Tre bambini comaschi con sindrome di Kawasaki, uno è ricoverato al Papa Giovanni
I piccoli hanno 5, 3 e 2 anni. L'ospedale di Bergamo è ritenuto una delle eccellenze per questa particolare malattia, che pare sia correlata al Covid-19, come dimostrerebbe uno studio proprio dei medici bergamaschi pubblicato sulla rivista scientifica "The Lancet"
Tre bambini di 5, 3 e 2 anni, tutti residenti in comuni della provincia di Como, sono stati ricoverati nelle scorse ore all’ospedale Sant’Anna con sindrome di Kawasaki, malattia che secondo alcuni studi (ma ancora non ci sono certezze) potrebbe essere correlata al Covid-19. A comunicarlo è una nota di Asst Lariana, riportata dai colleghi di PrimaComo.

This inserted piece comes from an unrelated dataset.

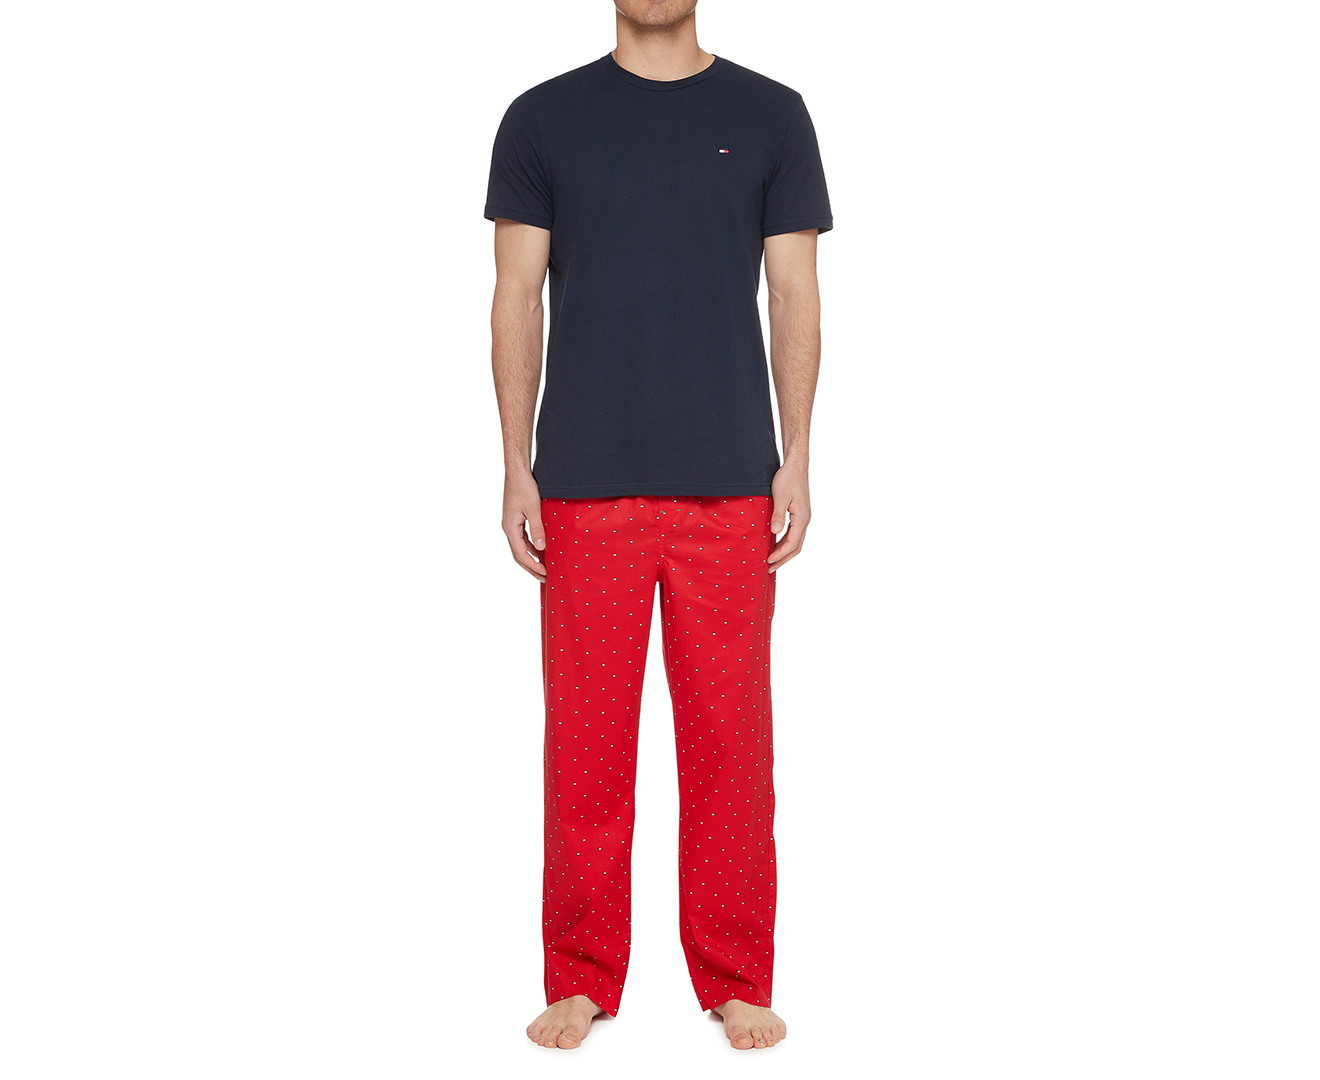 New Tommy Hilfiger 2pc Men's Cotton Poplin Pajama Sleep Set Pants Shirt  Medium

Per due di questi bambini si è reso necessario il trasferimento nelle terapie intensive pediatriche di Bergamo, all'ospedale Papa Giovanni, e di Milano, all'ospedale Buzzi, stante l’interessamento infiammatorio del tessuto cardiaco (miocardite). Le due strutture rappresentano l’eccellenza rispetto al trattamento di questa patologia infantile. Il terzo bimbo è tuttora ricoverato al Sant’Anna dove si stanno ultimando i necessari accertamenti. Febbre alta da oltre tre giorni, congiuntivite, eruzioni cutanee, gonfiore e/o arrossamento delle mani e dei piedi sono i principali sintomi della malattia di Kawasaki, che è una rara malattia infiammatoria che colpisce i vasi sanguigni (vasculite) e che colpisce in genere i bambini di età inferiore ai cinque anni.
Dagli studi finora pubblicati sembra che la Kawasaki - le cui cause sono tuttora sconosciute - possa essere favorita da una reazione immunitaria eccessiva ad un’infezione, reazione che il Covid, appunto, potrebbe provocare. Questo è quanto ipotizza, ad esempio, un recente studio pubblicato sulla rivista scientifica The Lancet dalla Pediatria dell’ospedale di Bergamo sul legame tra Covid-19 e la malattia di Kawasaki. Lo studio ha analizzato dieci casi di bambini con sintomi compatibili con una diagnosi di malattia di Kawasaki arrivati al Papa Giovanni XXIII tra il 1 marzo e il 20 aprile 2020. Nei cinque anni precedenti questa malattia era stata diagnosticata in soli 19 bambini.
«Nessuna paura e nessun allarme - osserva il primario della Pediatria del Sant’Anna, Angelo Selicorni -. I genitori devono essere attenti a monitorare una serie di campanelli d’allarme che i pediatri di famiglia ben conoscono: oltre a una febbre alta da più giorni, la comparsa di congiuntivite, labbra o bocca secche, uno stato di debolezza generale, arrossamento e/o gonfiore delle mani e dei piedi e aumento di dimensione di alcuni linfonodi. In questi casi è necessario approfondire la situazione con accertamenti mirati ed attivare le terapie necessarie».